> PROBLEM DESCRIPTION
Restate the data below word for word, omitting pictures.

Start of AVAILABLE RECORDS

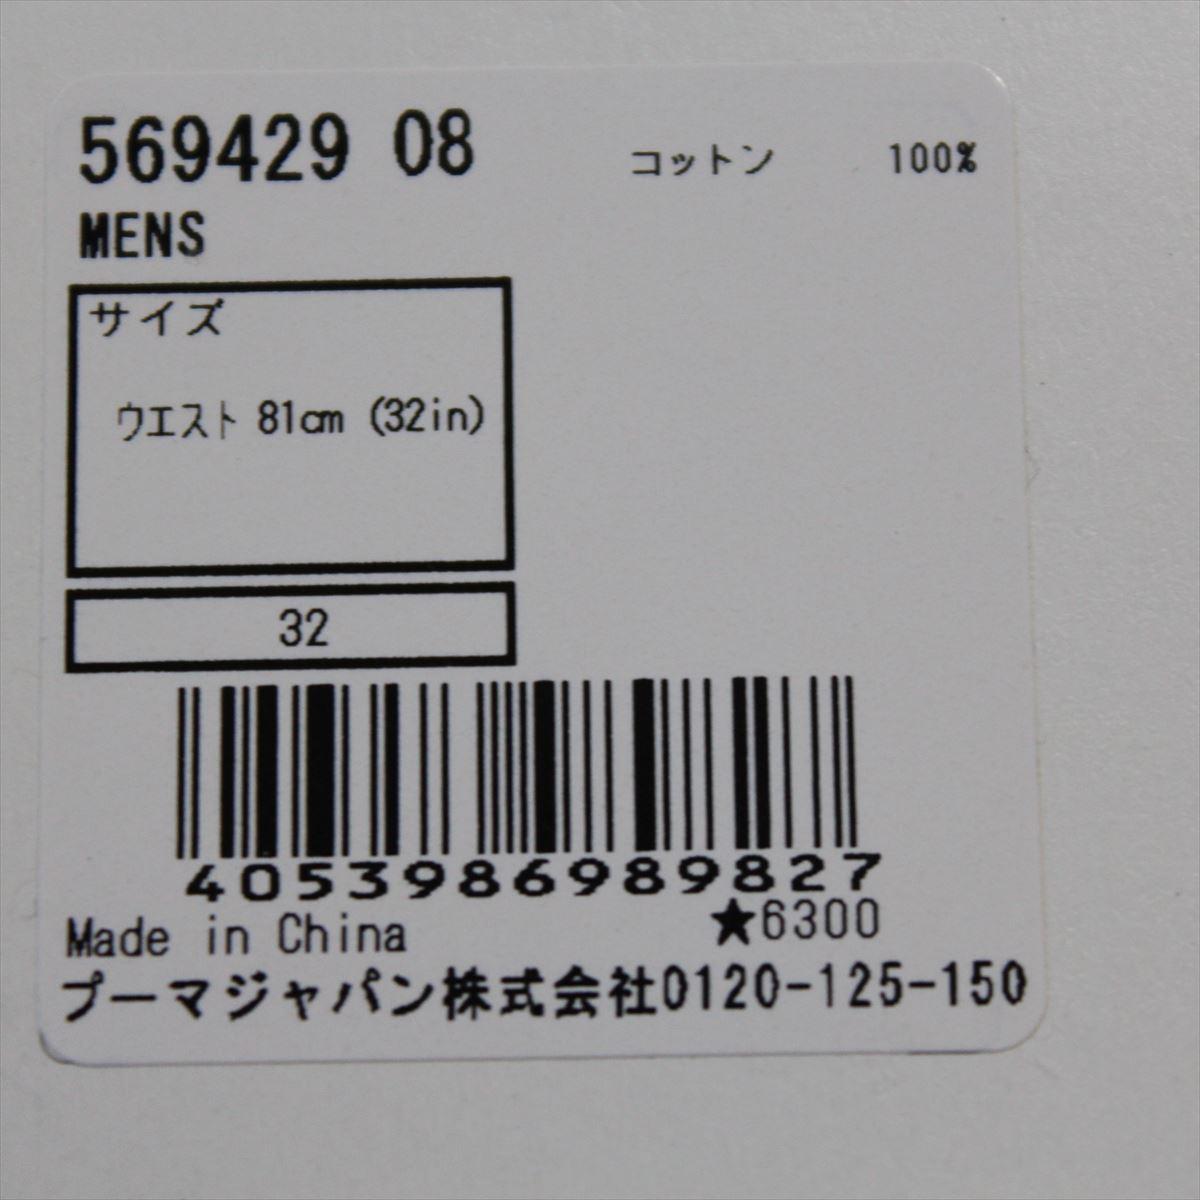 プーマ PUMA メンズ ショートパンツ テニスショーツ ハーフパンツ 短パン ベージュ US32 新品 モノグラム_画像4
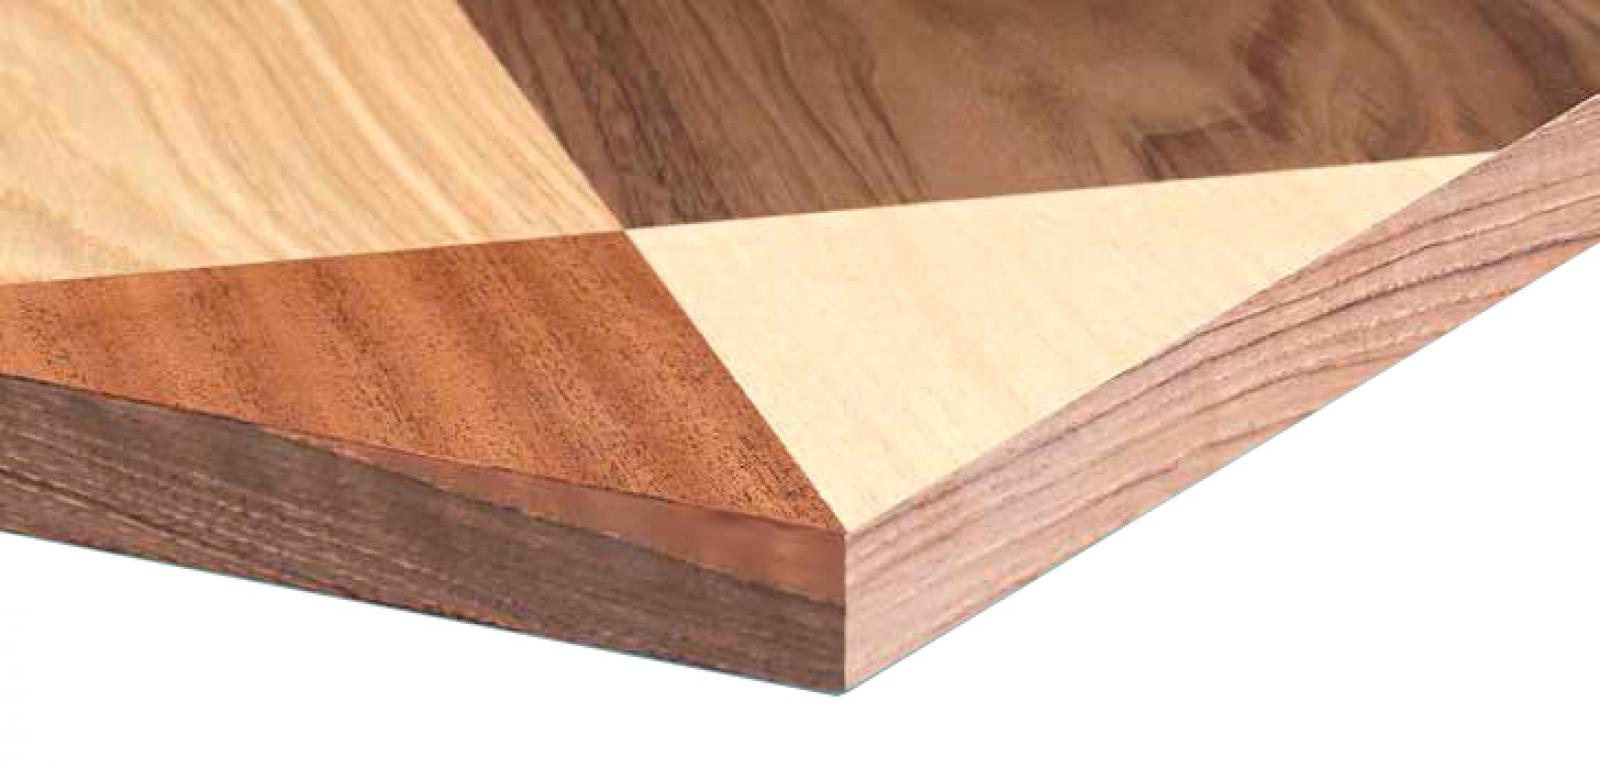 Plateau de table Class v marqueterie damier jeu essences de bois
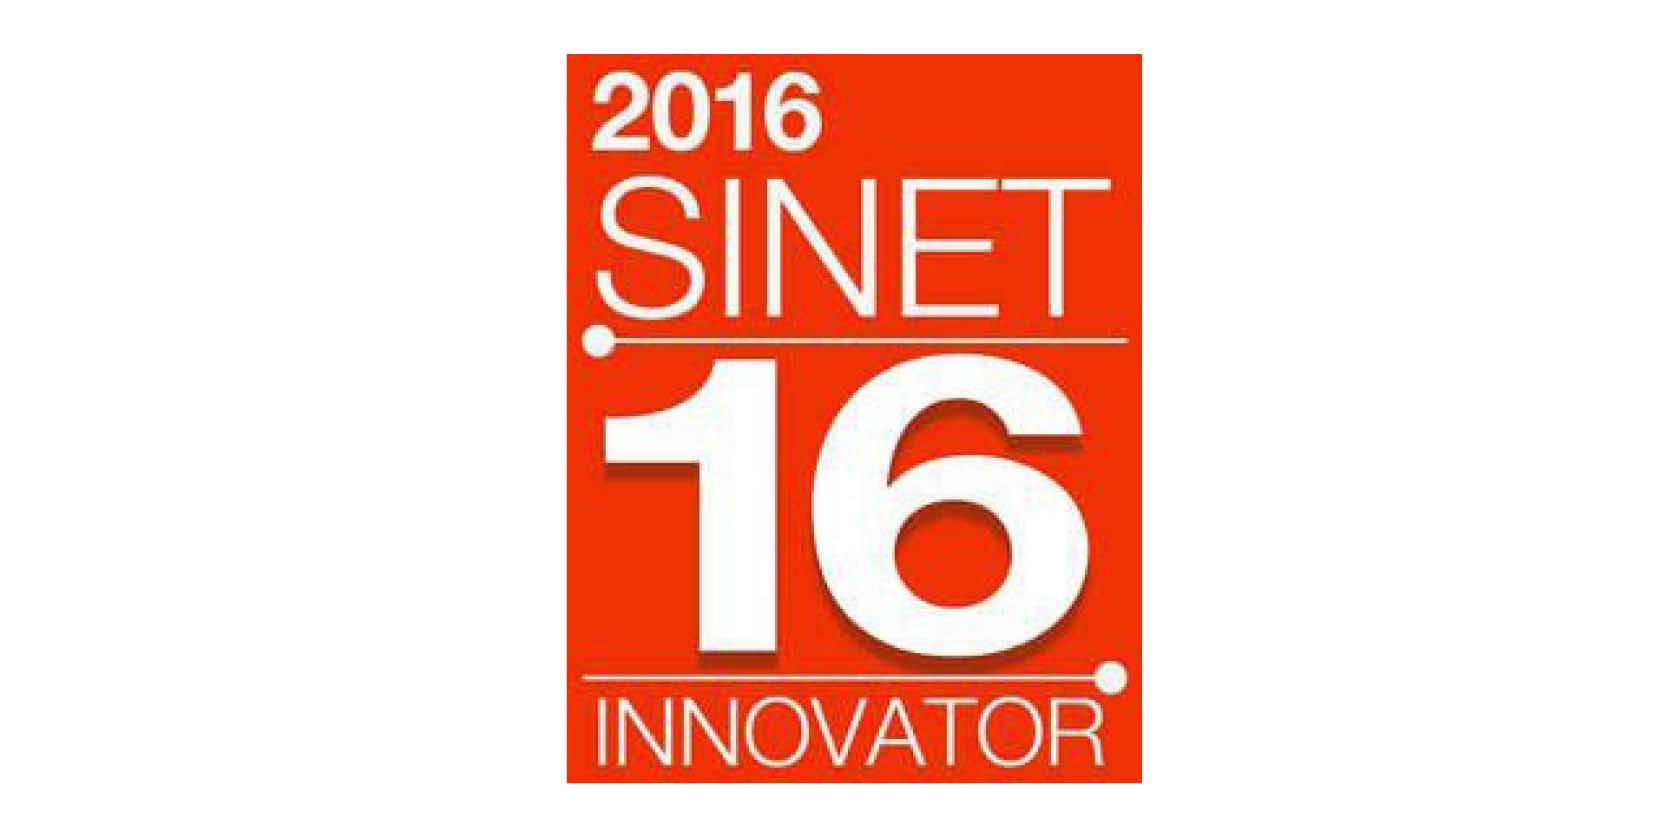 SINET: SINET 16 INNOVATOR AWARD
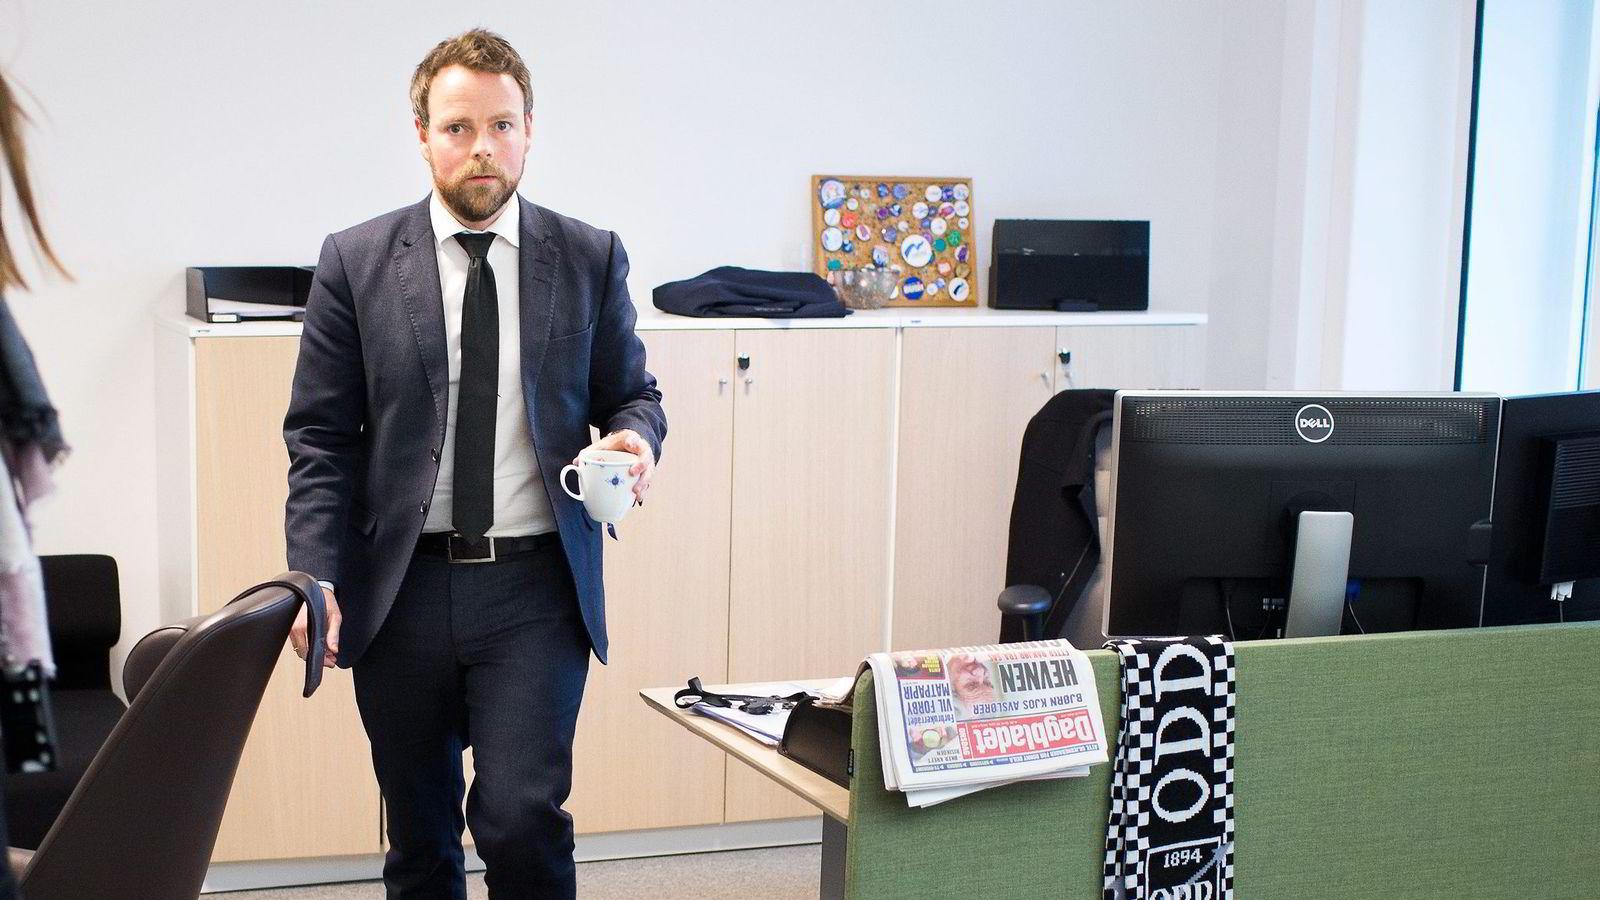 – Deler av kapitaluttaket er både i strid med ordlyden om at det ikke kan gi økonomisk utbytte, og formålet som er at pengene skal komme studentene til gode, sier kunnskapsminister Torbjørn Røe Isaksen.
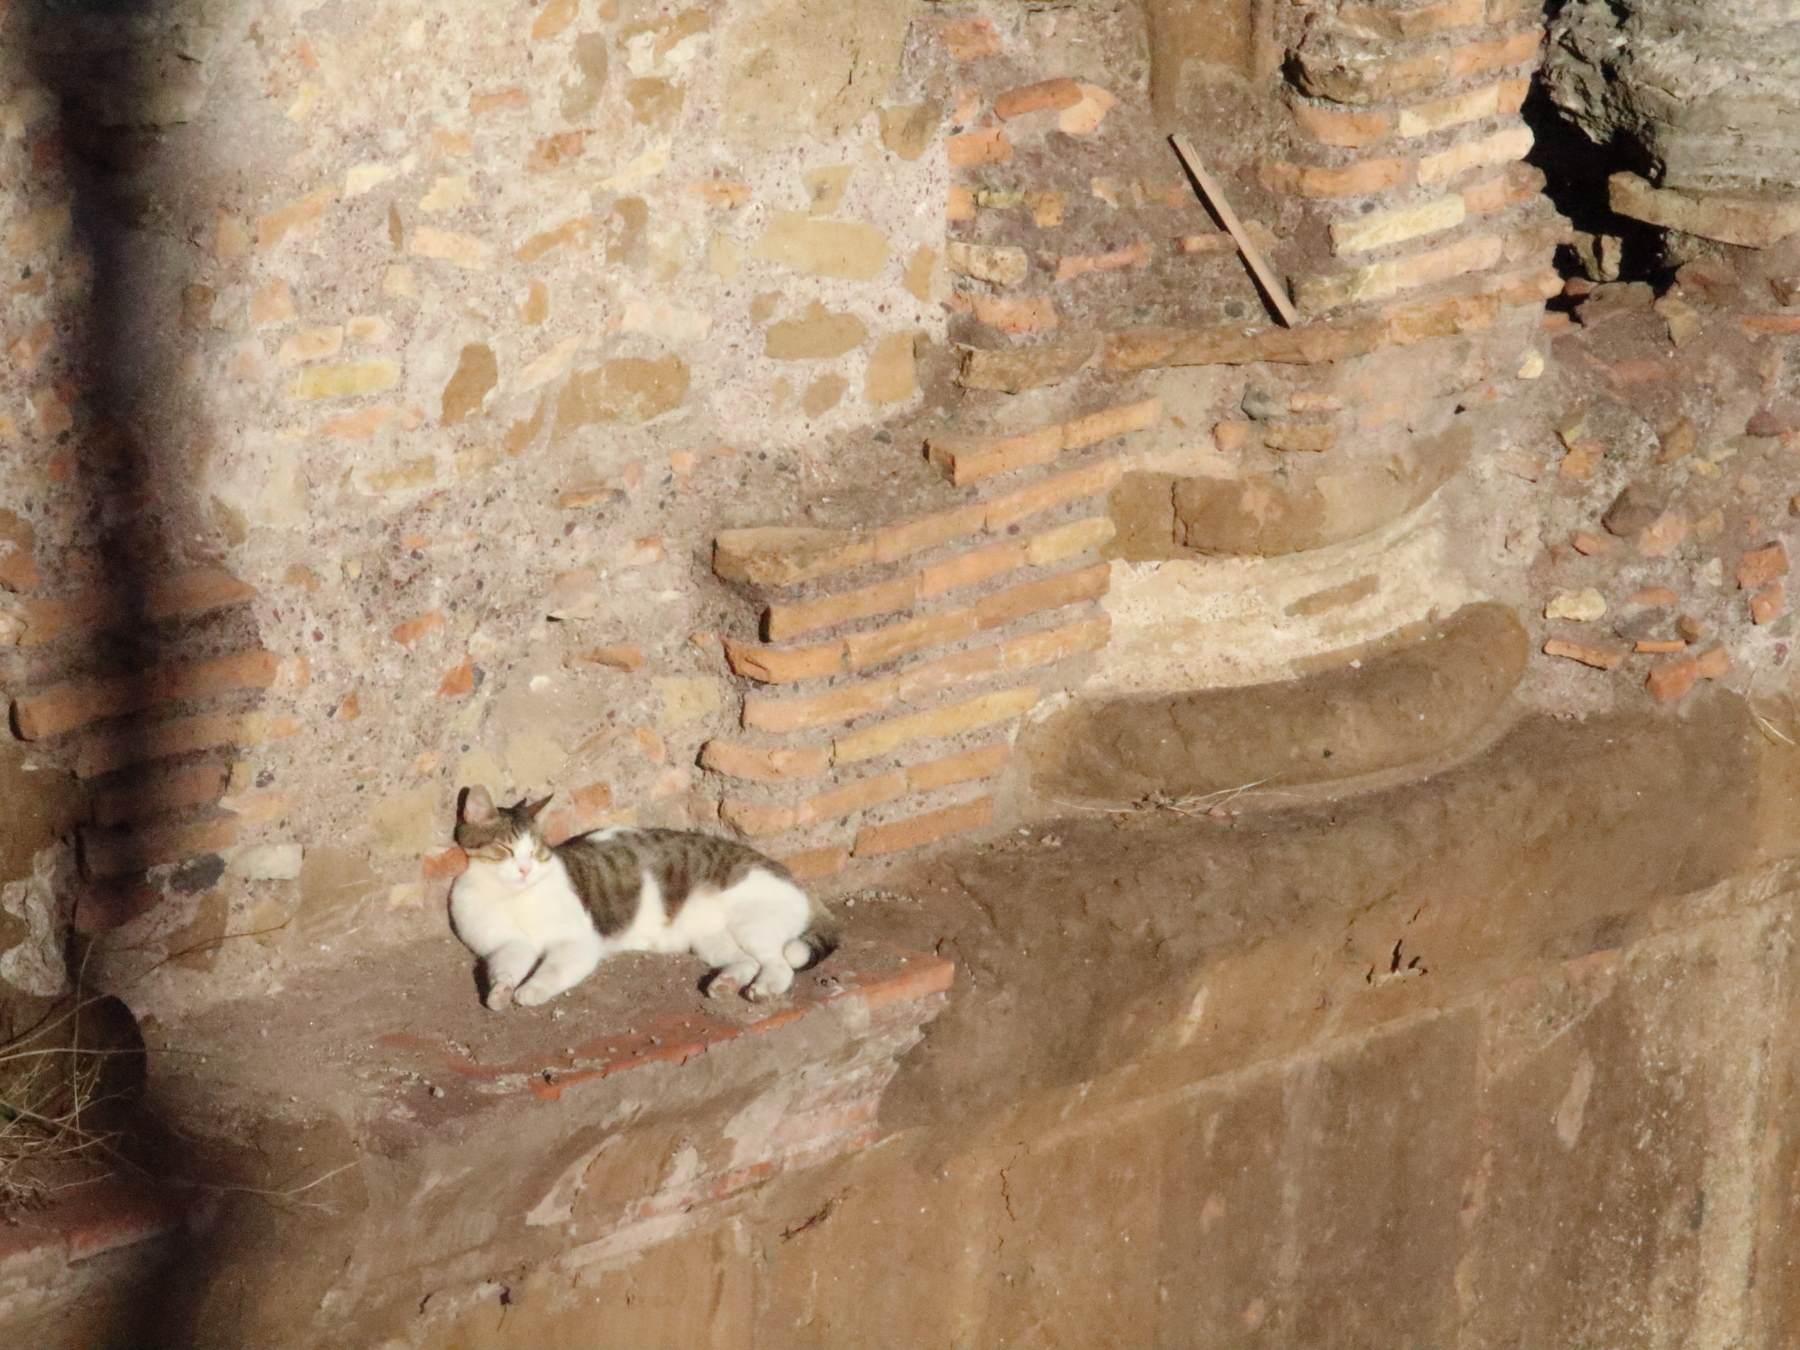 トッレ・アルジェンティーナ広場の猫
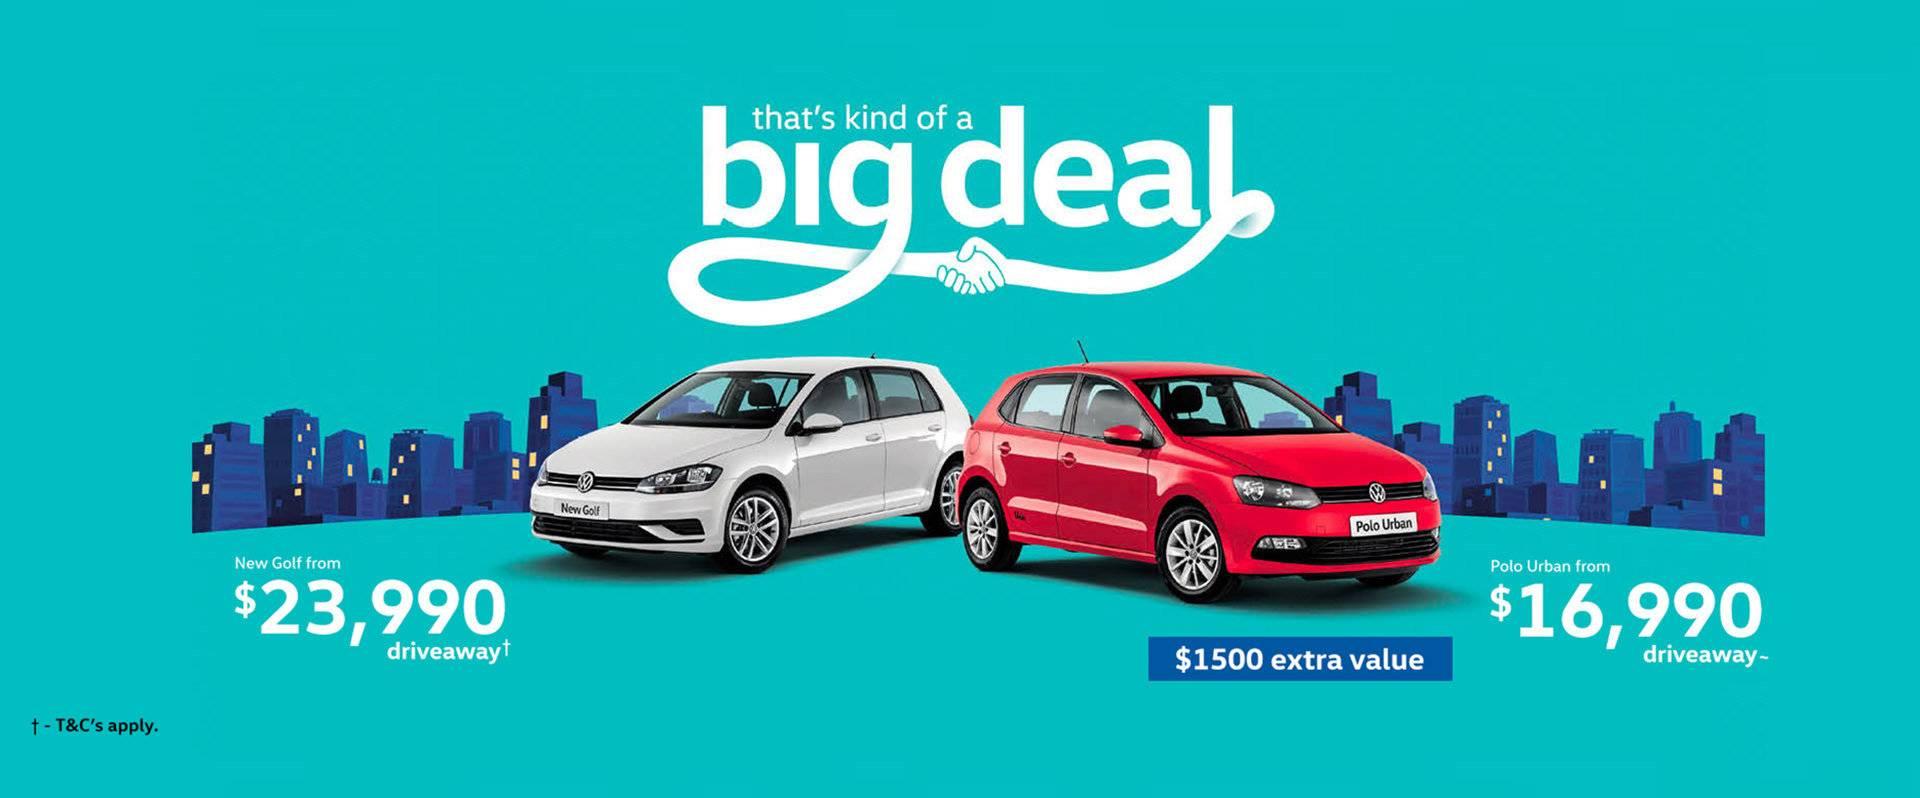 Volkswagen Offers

End of AVAILABLE RECORDS

> WRITTEN ANSWER
 プーマ PUMA メンズ ショートパンツ テニスショーツ ハーフパンツ 短パン ベージュ US32 新品 モノグラム_画像4
 Plateau de table Class v marqueterie damier jeu essences de bois
 SINET: SINET 16 INNOVATOR AWARD
 – Deler av kapitaluttaket er både i strid med ordlyden om at det ikke kan gi økonomisk utbytte, og formålet som er at pengene skal komme studentene til gode, sier kunnskapsminister Torbjørn Røe Isaksen.
 トッレ・アルジェンティーナ広場の猫
 Volkswagen Offers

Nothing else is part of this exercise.